Deploy Production PostgreSQL

By default, Hydrolix provisions a single internal PostgreSQL pod to store the catalog. Where production scales are required with the best performance it is suggested to use either an external instance of PostgreSQL or a Kubernetes hosted version of Postgres that is high availability (Crunchydata). This page describes how both these options can used in running a Hydrolix deployment on GKE.

❗️
Potential Unrecoverable Data Loss - Please read.
If you have been loading data and this is a migration, do not proceed unless you fully understand the migration process. Catalog loss can lead to data becoming unrecoverable. To migrate an existing deployment it is strongly suggested to talk to Hydrolix support and review the following page Migrate to External PostgreSQL.

Deploy a Kubernetes HA Postgres

Hydrolix has built in support for the Postgres Kubernetes Operator - (Crunchydata. Crunchy data is supplied externally of Hydrolix and the installation instructions into kubernetes can be found within their documentation here. Using the default install we have found is a good place to start kustomize/install/default

Once Crunchy data is deployed into your Kubernetes cluster the hydrolixcluster.yaml can be edited to add the following into the spec

apiVersion: hydrolix.io/v1
kind: HydrolixCluster
metadata:
  name: hdx
  namespace: .......
spec:
  admin_email: .......
  use_crunchydata_postgres: true
  db_bucket_region: .......
  db_bucket_url: .......
  env: {}
  hydrolix_name: hdx
  hydrolix_url: .......
  ip_allowlist:
  - .........
  scale:
		postgres:
      replicas: 2

By adding the use_crunchydata_postgres: true this will enable Hydrolix to use Crunchy data PostGres.

It is suggested to also update the replica count for PostGres when this is enabled to at least two.

  scale:
		postgres:
      replicas: 2

To confirm you have your new Crunchydata Postgres deployment running you can look for the pods that should have started successfully, they will be named main-main

$ kubectl get pods | grep main-main
main-main-4qjd-0                      4/4     Running     0             60m
main-main-cgxw-0                      4/4     Running     0             60m

Deploy with External PostgreSQL

The following external Postgres instance exists outside of the Kubernetes cluster that runs Hydrolix. The following describes how to configure an external PostgreSQL instance for a Hydrolix deployment running on GKE.

❗️
This Guide Only Applies to New Deployments
This guide explains how to initially configure a Hydrolix deployment to use an external PostgreSQL instance. To migrate a an existing Hydrolix cluster to an external PostgreSQL instance, see Migrate to External PostgreSQL.

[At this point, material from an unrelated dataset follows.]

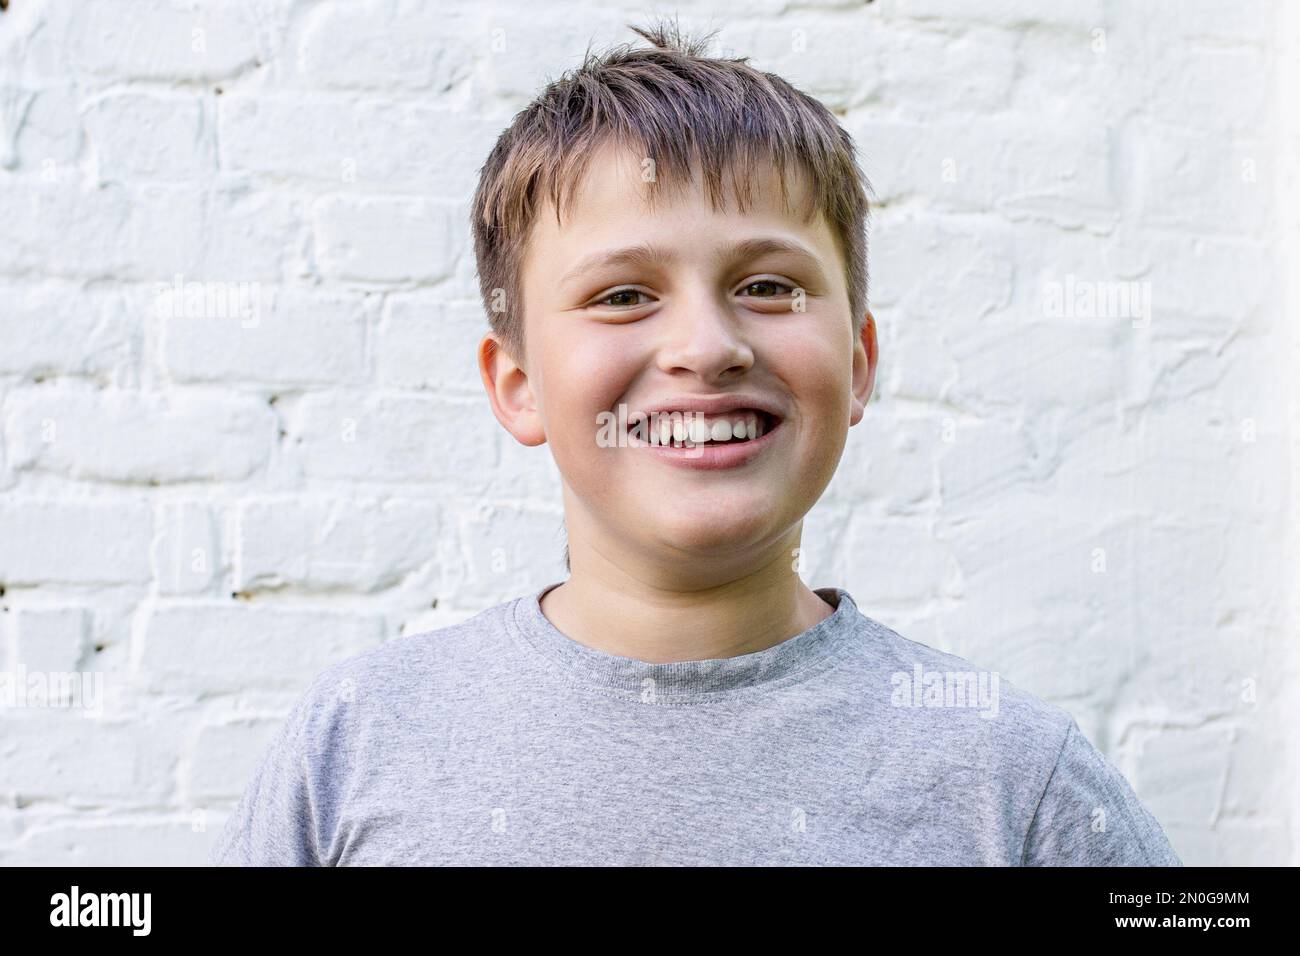 le garçon sourit avec joie. Portrait d'un incroyable petit garçon sympathique. beau adolescent près d'un mur de briques blanches Banque D'Images

Create an External PostgreSQL Instance

Use the Google Cloud SQL service to create your external PostgreSQL instance. You can create your instance with high availability, backups, deletion protection and more.

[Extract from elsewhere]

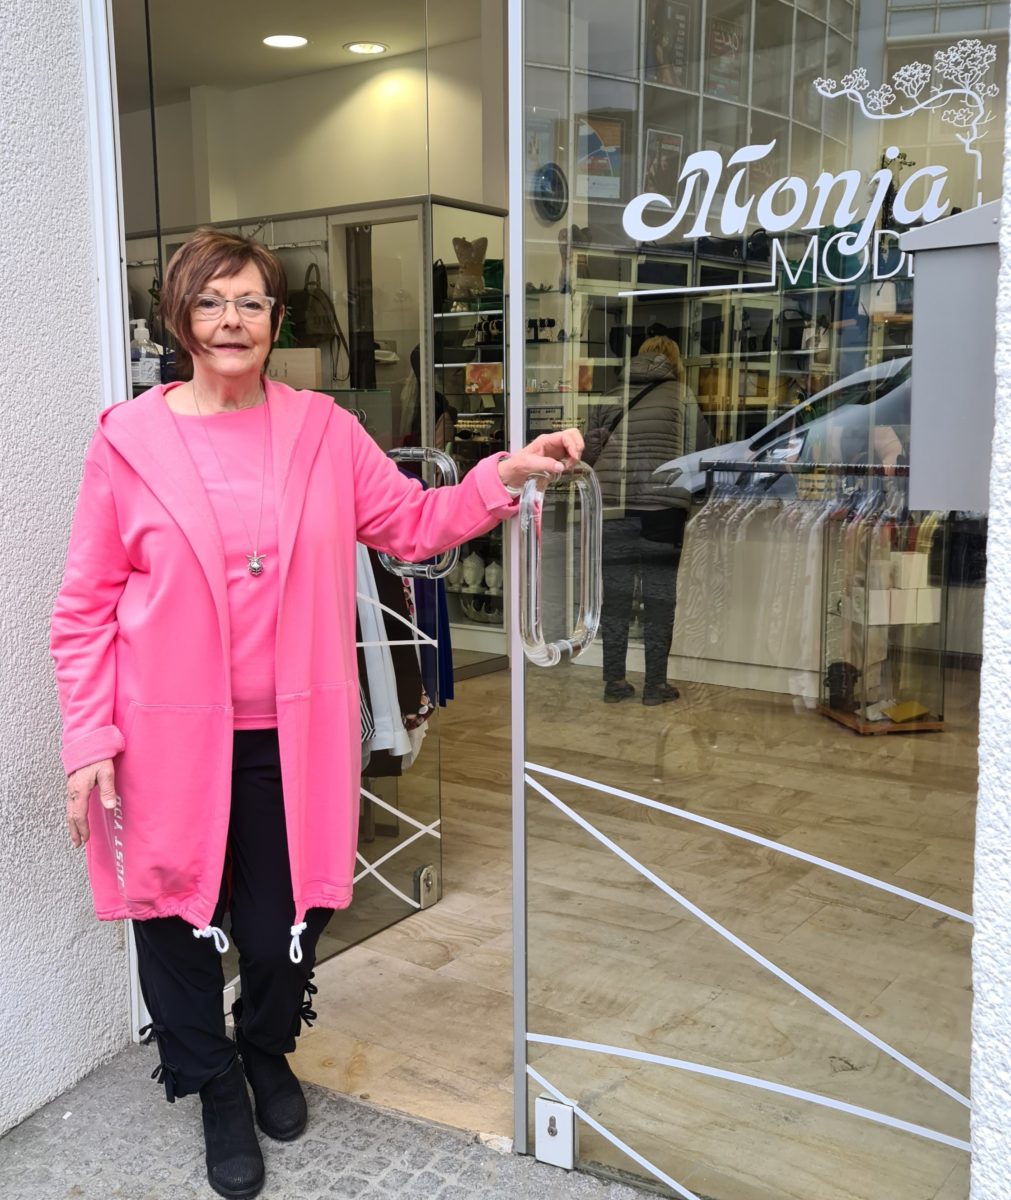 Inhaberin Monika Karkowski vor dem Eingang ihrer Boutique Monja Moden auf der Antoniusstraße 17

Size your instances based on the criteria specified in Scale Profiles. For example, at Mega scale you should provision an instance with 100GB Disk, 6 CPUs, and 24GB of memory.

There is no need to provide your instance with a public IP. To connect with Hydrolix, deploy the PostgreSQL instance within the same Virtual Private Cloud (VPC). For the best performance, colocate the instances within the same region. For more information about connecting Kubernetes with Cloud SQL, see Google's documentation.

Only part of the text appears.